The current flag of the state of Maine was adopted on February 23, 1909. The flag is rectangular with a blue background. The state flag of Maine features Maine’s coat of arms in the center, two men on either side of the shield, a star above the shield, and the text “MAINE” below the shield.

The coat of arms of the state of Maine, which appears in the center of the flag, reflects Maine’s beautiful northeastern United States scenery: a large pine tree is featured in the center of the shield with a moose resting below near a river. A farmer holding a sickle and a sailor holding an anchor appear on either side of the shield. These two men represent the importance of the agriculture and sea industries for the state’s economic livelihood.

The star that appears radiantly above the shield is the North Star. The text, “DIRIGO,” appears below the North Star. Dirigo, which is Latin for “I direct,” is the state of Maine’s official motto. The text, “MAINE,” appears below the shield on a light blue banner.

Maine’s current flag is somewhat different from the state’s first flag, which was developed in 1901. The original flag was rectangular with a buff or tan-colored background. The flag featured a block image of a green pine tree in the center. The North Star appeared as a blue star in the top left corner of the flag.

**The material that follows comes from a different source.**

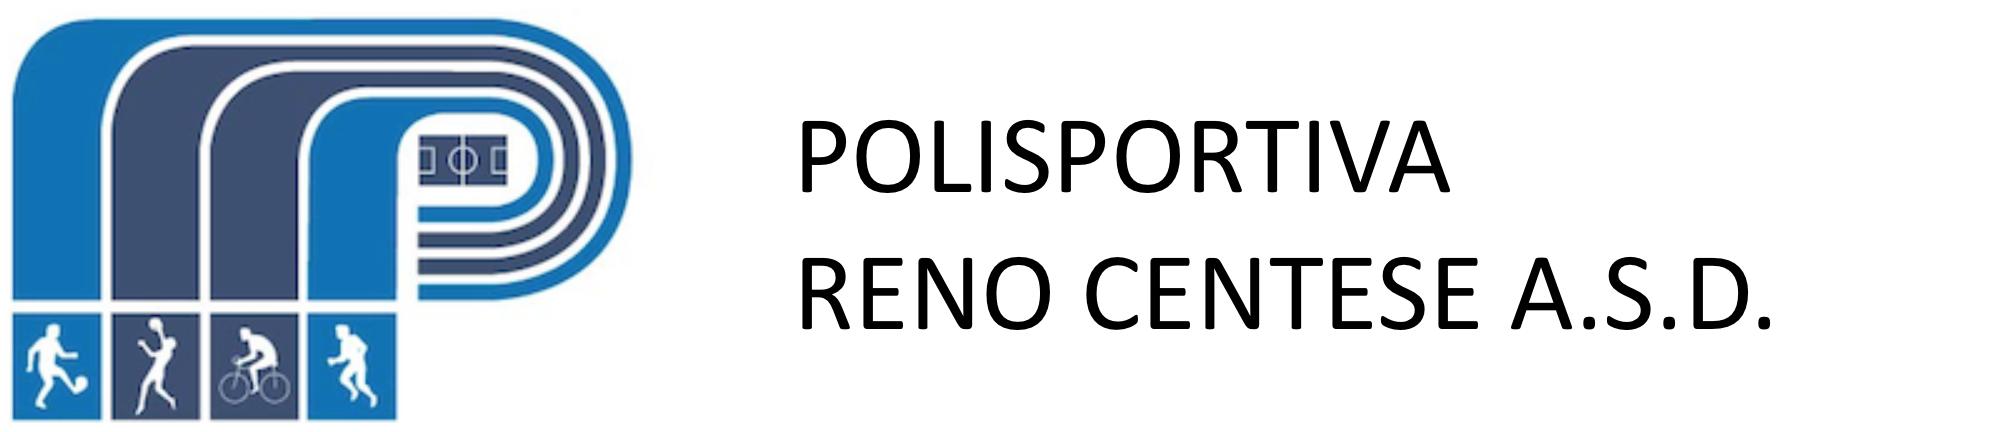 Polisportiva Reno Centese A.S.D.
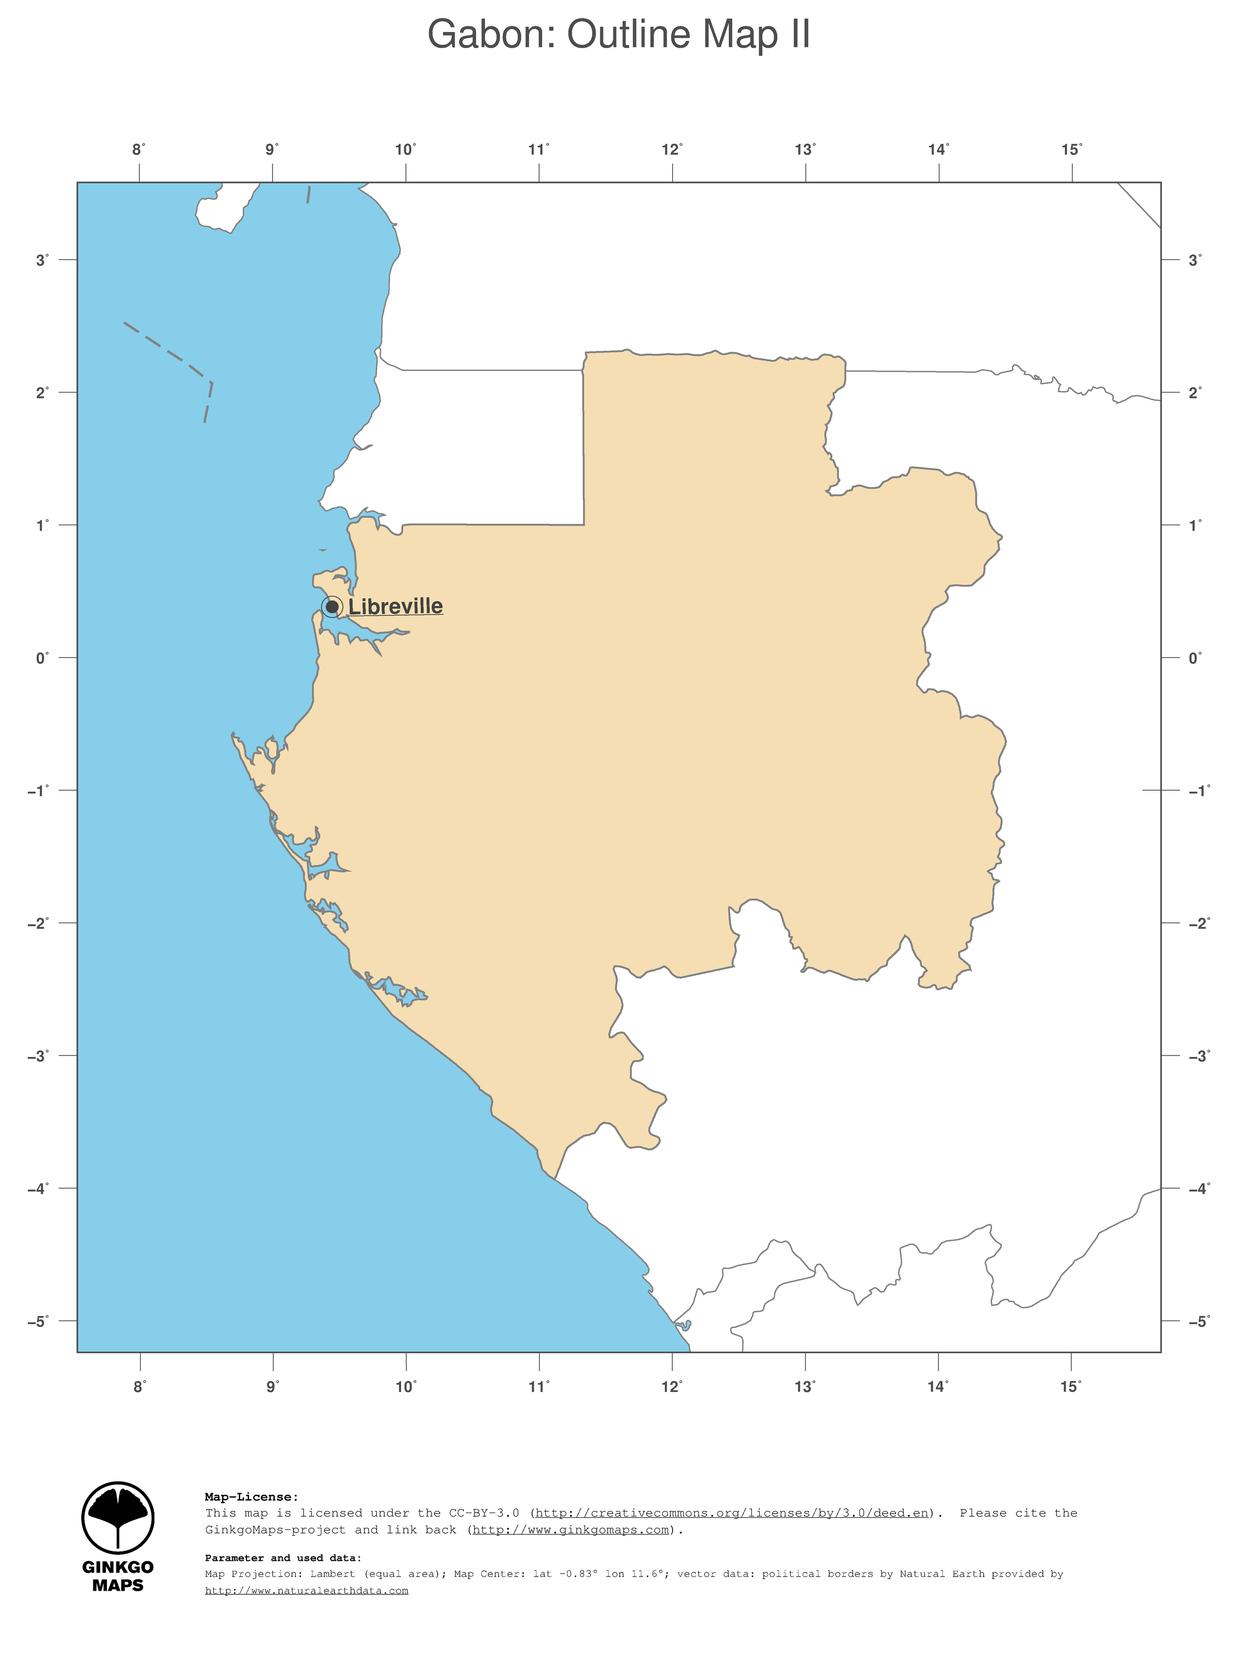 Map Gabon GinkgoMaps continent Africa region Gabon

Maine and Massachusetts are the only two states in the Union to fly a separate ensign, or flag at sea. Maine’s official ensign is a rectangular flag with a white background. A block image of a green pine tree appears in the center with a blue anchor behind it. The text, “DIRIGO,” appears in blue capital letters above the tree and anchor; and the text, “MAINE,” appears below the tree and anchor in the same font.